The solution is being added quicker than it is being drained away. So the amount in the container is constantly increasing.
At a given point in time (t minutes after start) the amount in the tank will be 5000+50t-30t = 5000+20t
At the start 5000L of brine which has 100Kg sale
Entering 0.3Kg/L at 50L/min
Leaving The concentation in the tank at any given moment at 30L/min
Let A(t) be the amount of salt in the tank immediately after any given time t (minutes).
I will call this A for short but remember that it is a function of time.

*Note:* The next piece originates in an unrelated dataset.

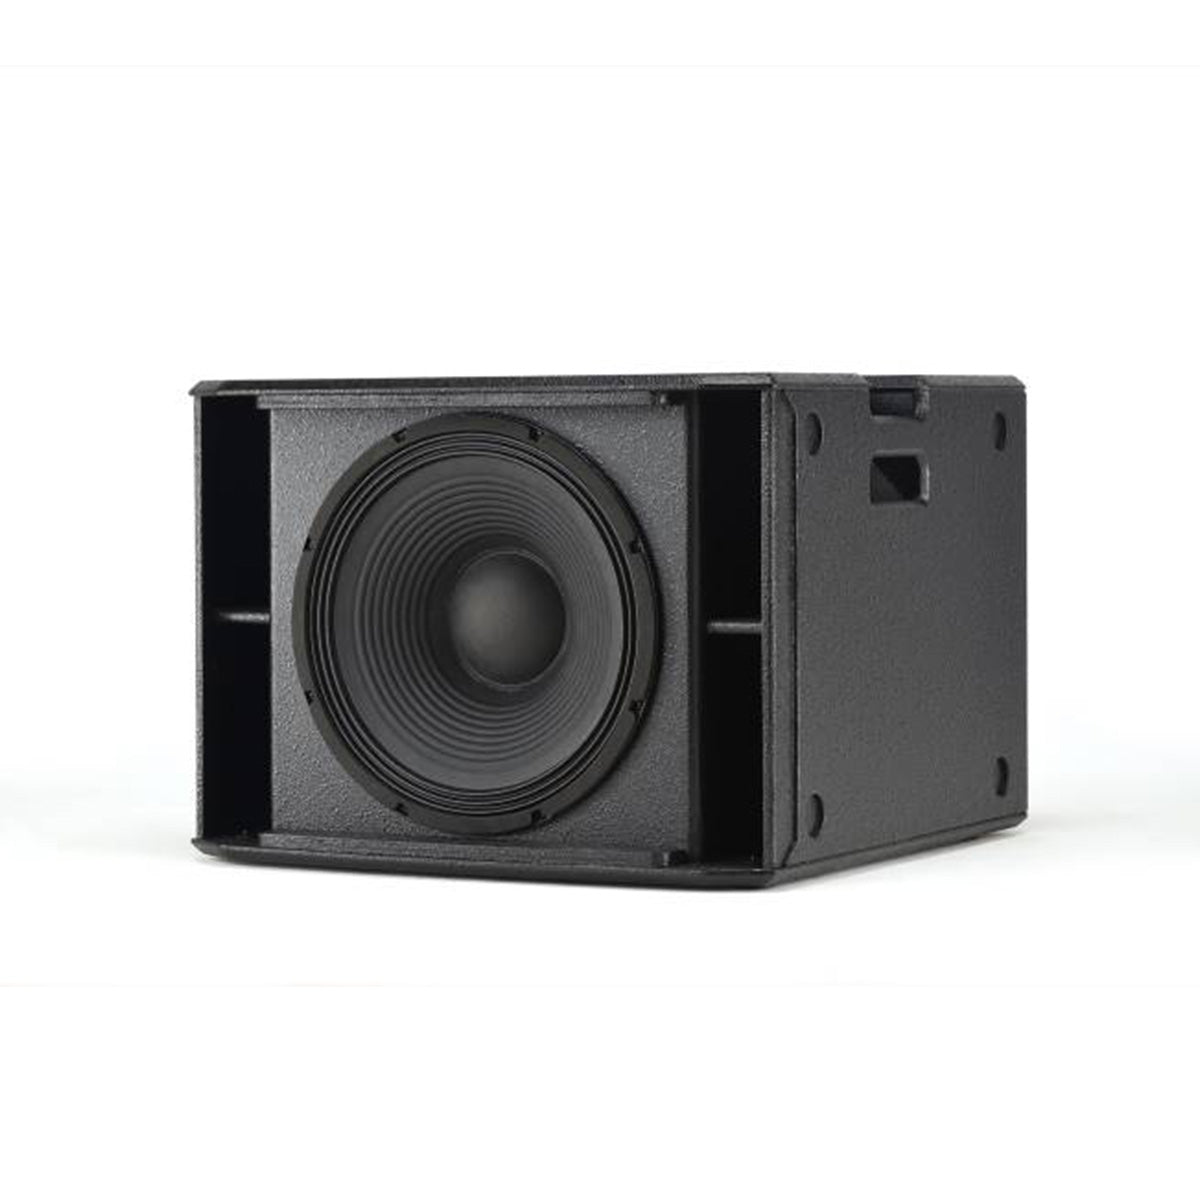 dB Technologies SUB 915 Active Subwoofer 15inch 900W RMS / 1800W Peak
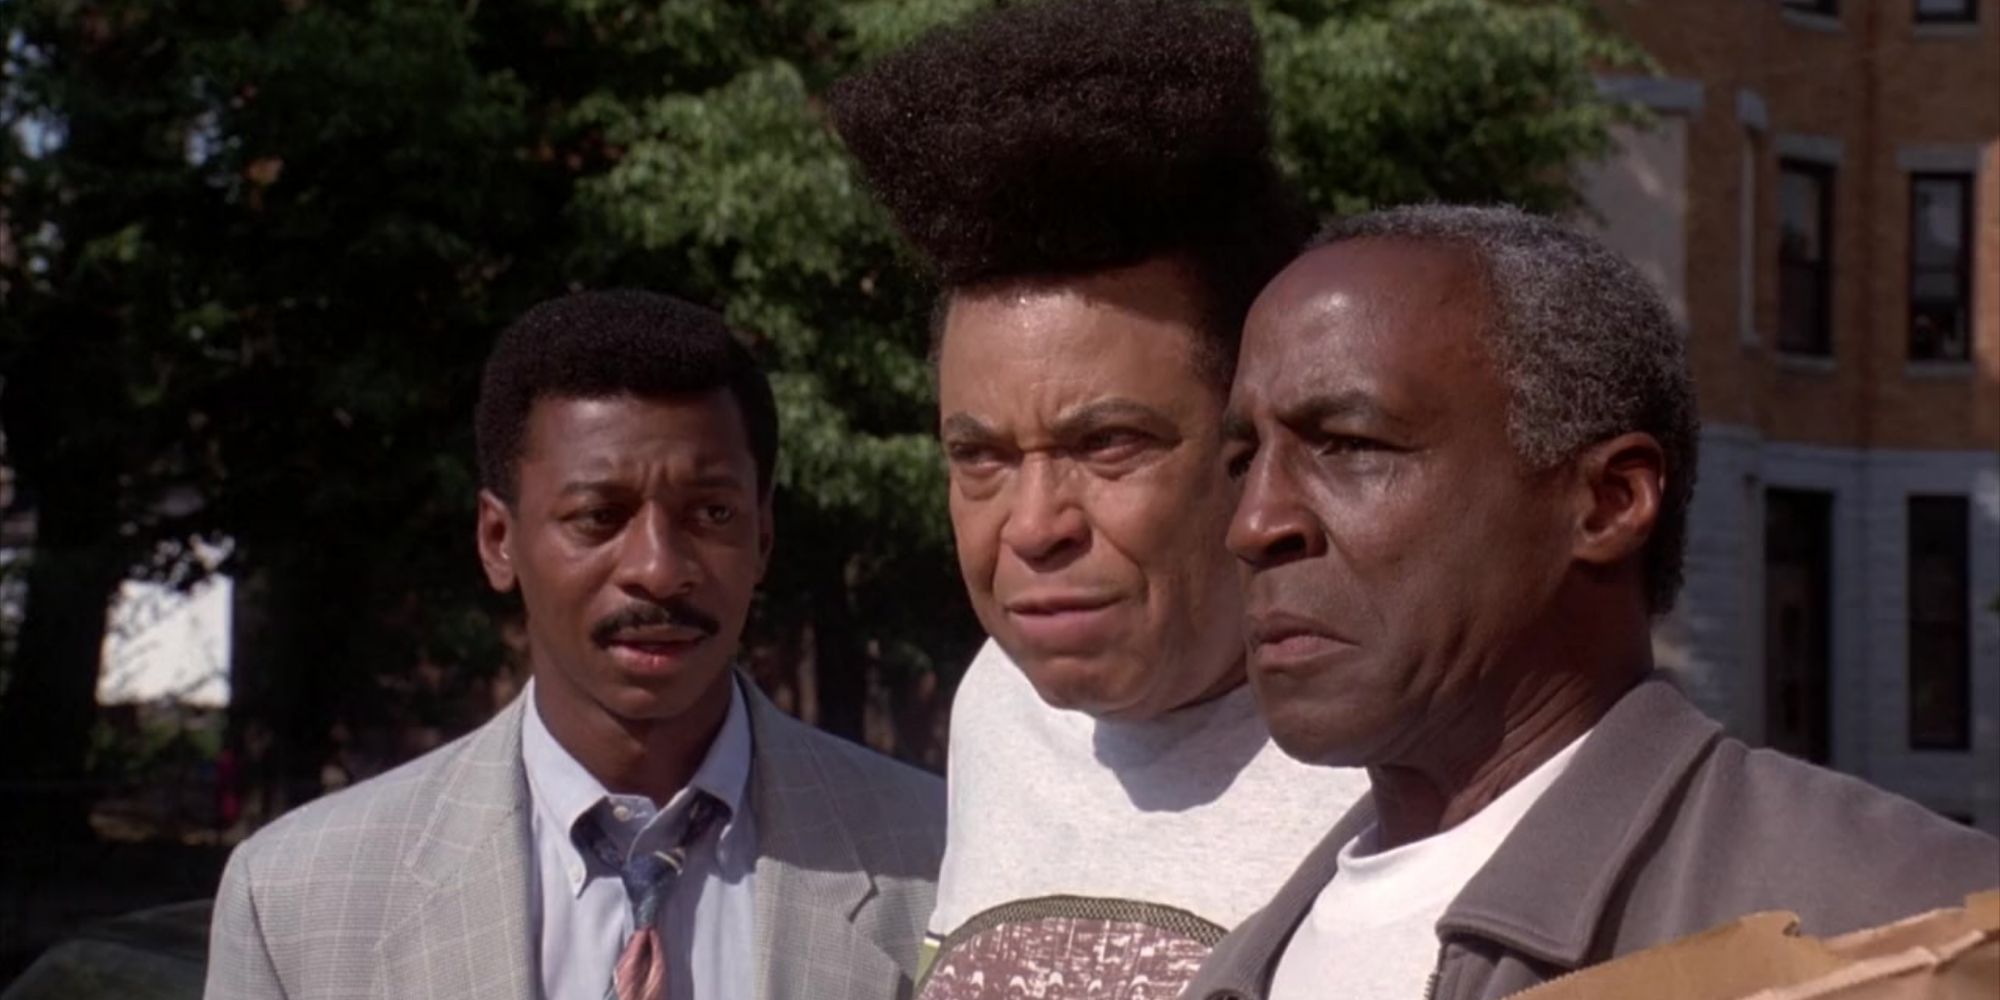 Robert Townsend looking concerned

\(\frac{dA}{dT}=\text{rate in - rate out}\\ \frac{dA}{dT}=\text{concentation in* rate of flow - concentation out *rate of flow}\\ \frac{dA}{dT}= \left(\frac{0.3Kg}{1L}*\frac{50L}{1minute}\right)- \left(\frac{A Kg}{(5000+20t)L}*\frac{30L}{1minute}\right)\\ \frac{dA}{dT}= \left(\frac{15Kg}{1minute}\right)- \left(\frac{30A Kg}{(5000+20t)minute}\right)\\ \frac{dA}{dT}= 15- \frac{30A}{5000+20t}\;\;\quad\frac{Kg}{min} \)
I am not sure if it is finished. I probably should go further ? what do you think ?
I don't have time right now.
By the way, the video question was simpler than this one but that is the only resource that I used to help me.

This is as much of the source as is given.